**How to complete this task**
What I need is an exact repeat of the lines from the one with "Four ever groovy cupcake topper" through the end of the listing below. Leave out every picture.
(Data segment Opens)
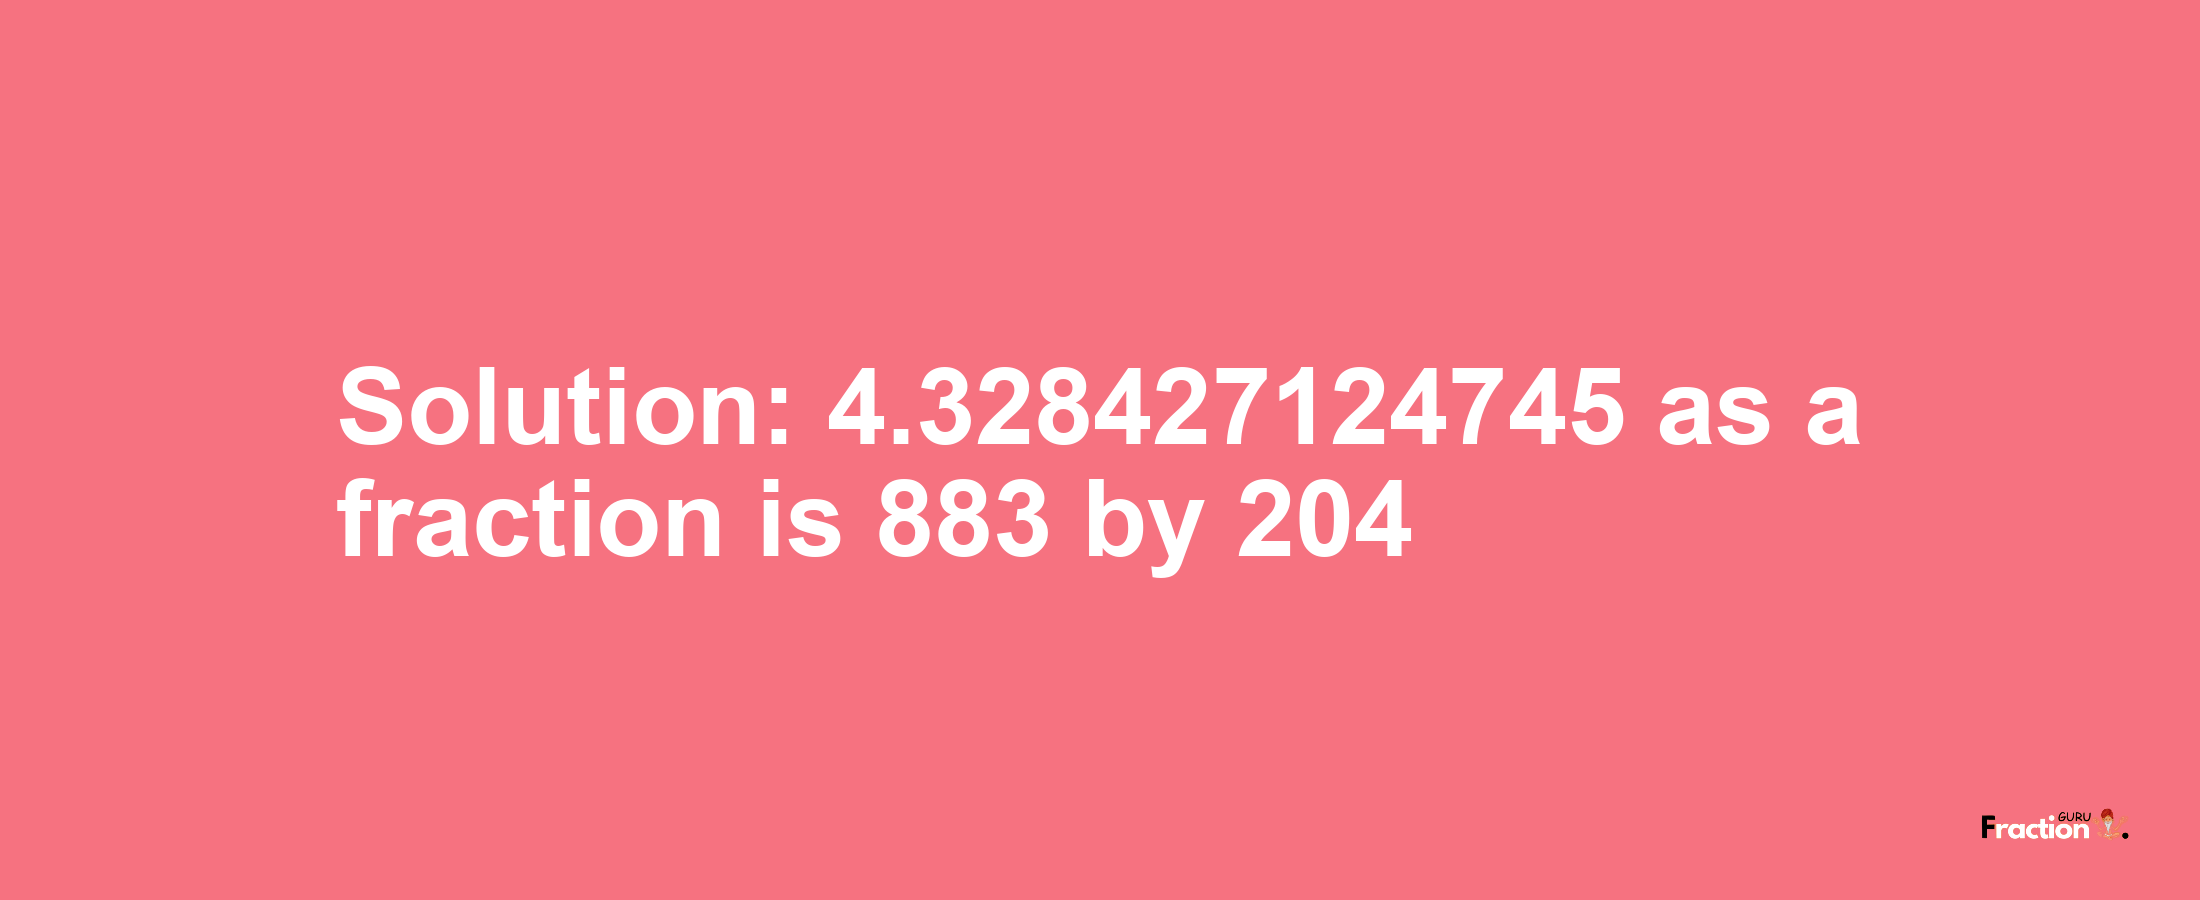 Solution:4.328427124745 as a fraction is 883/204
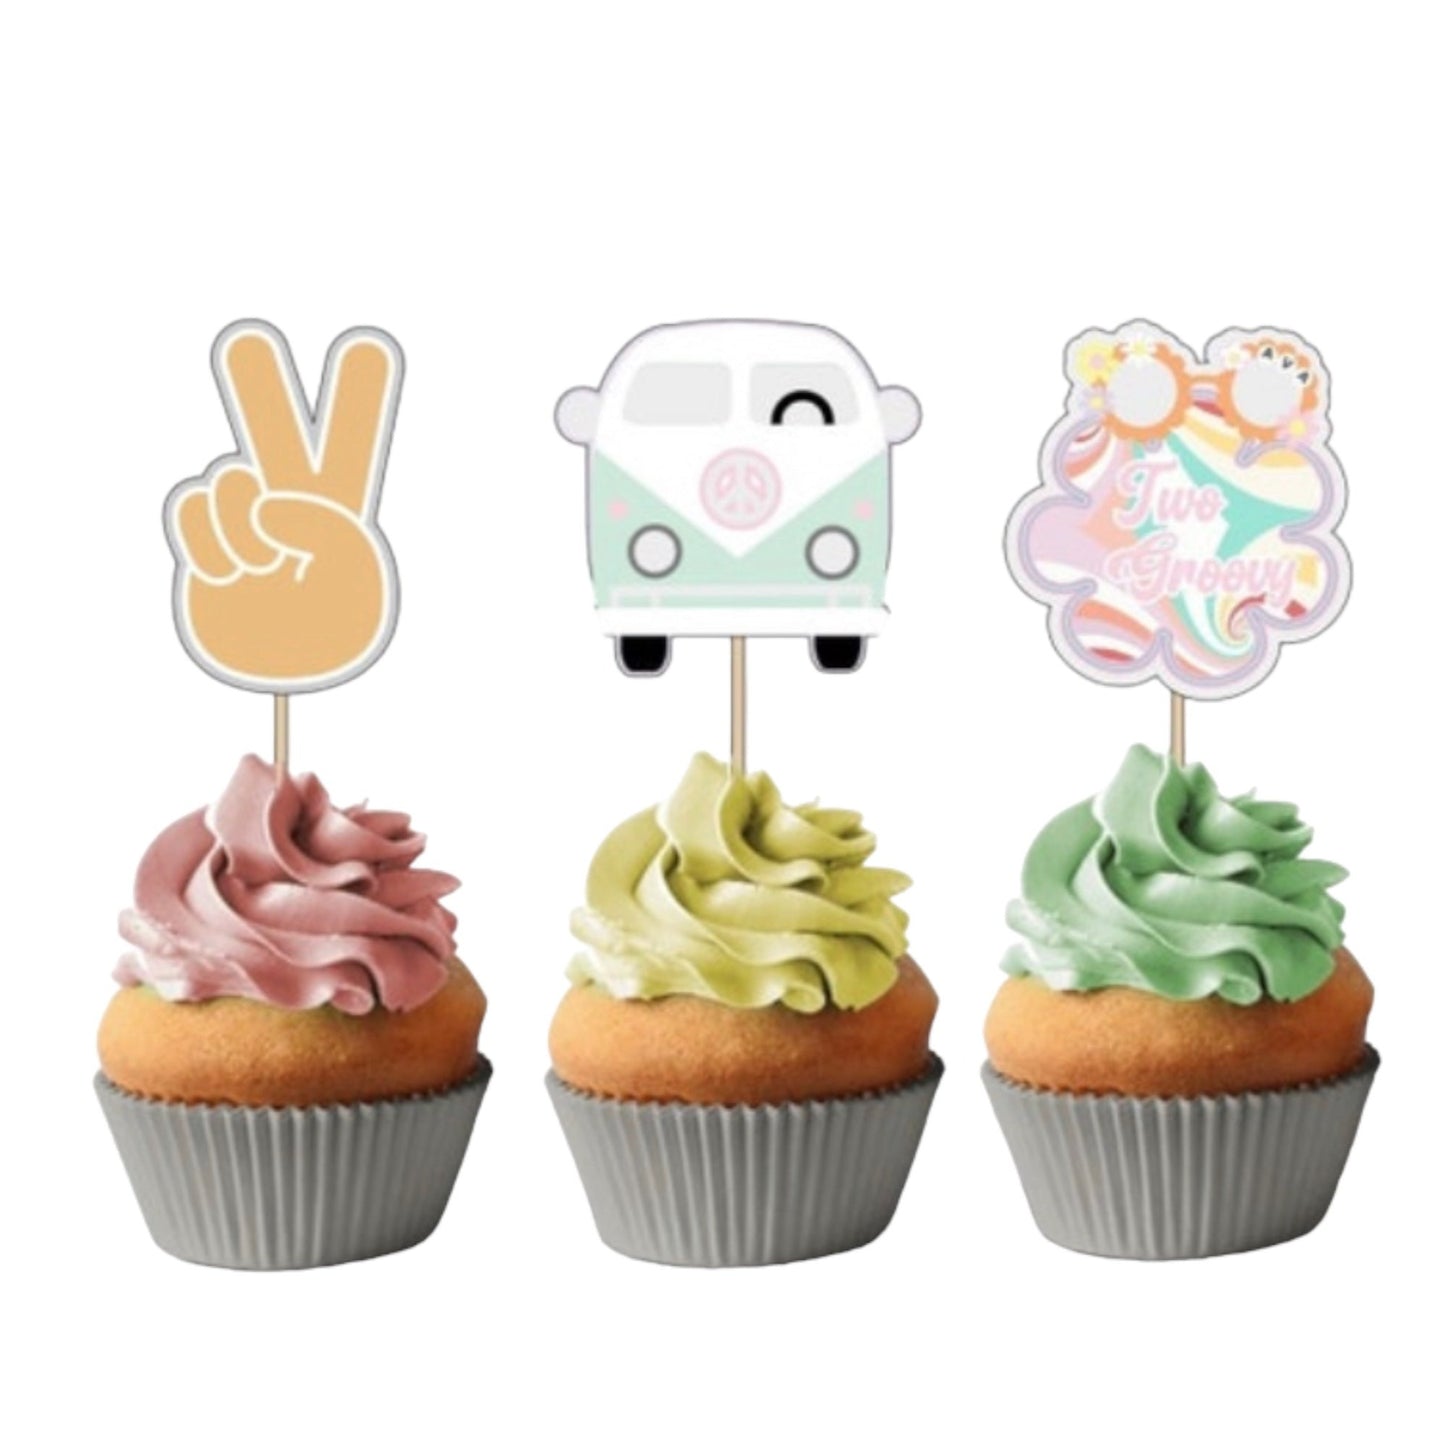 Four ever groovy cupcake topper
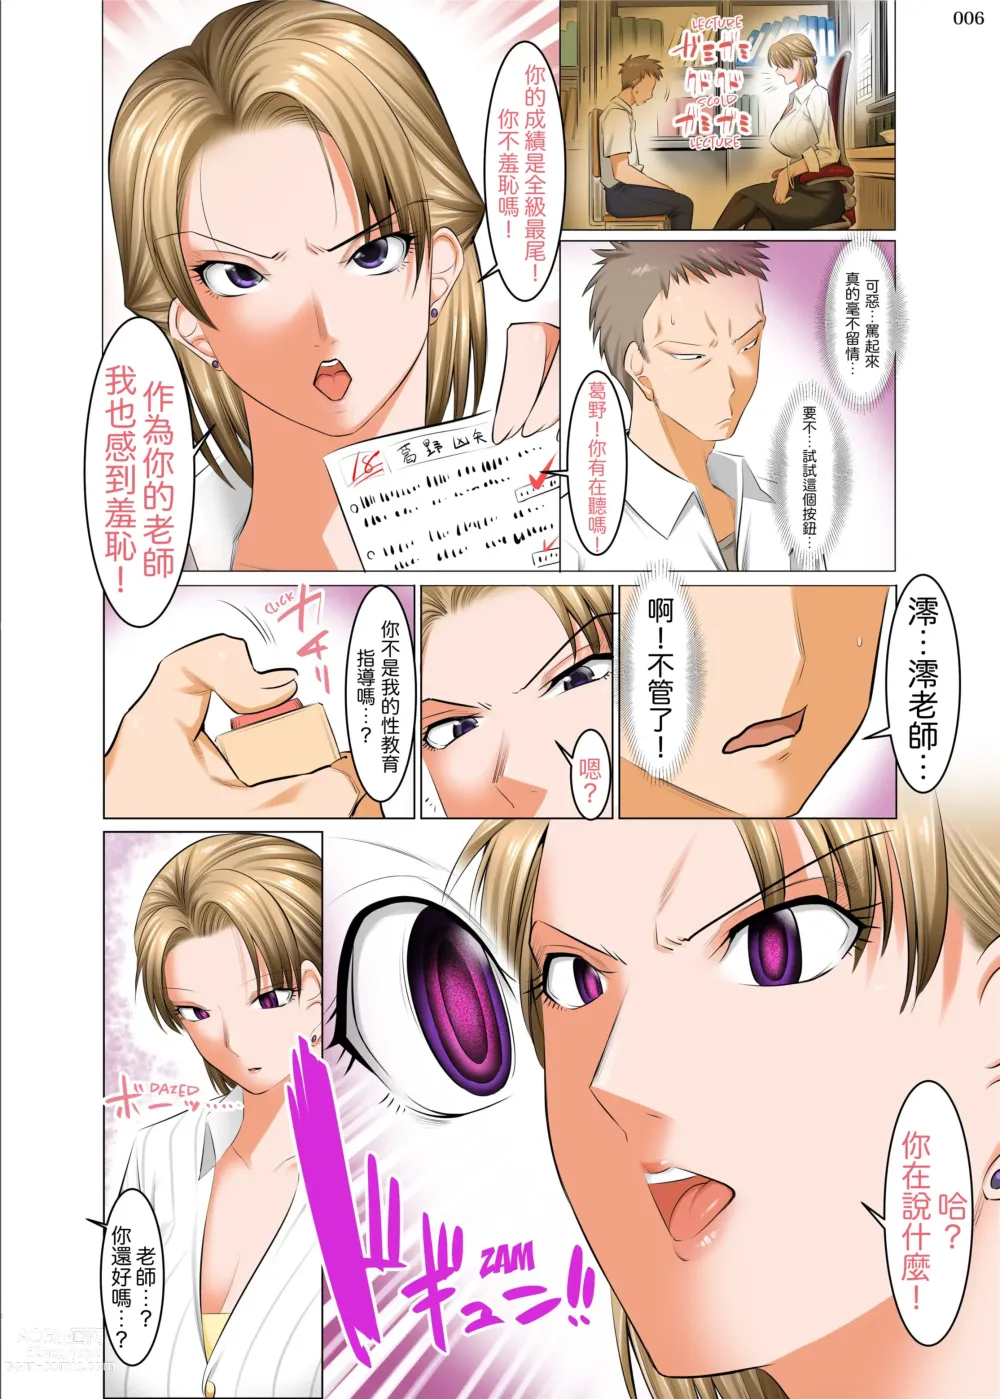 Page 5 of doujinshi Hypnosis Sex Ed: Isn't Your Subject Sex Ed? (decensored)
(Data segment Closes)
**Task result**
 Four ever groovy cupcake topper
 Page 5 of doujinshi Hypnosis Sex Ed: Isn't Your Subject Sex Ed? (decensored)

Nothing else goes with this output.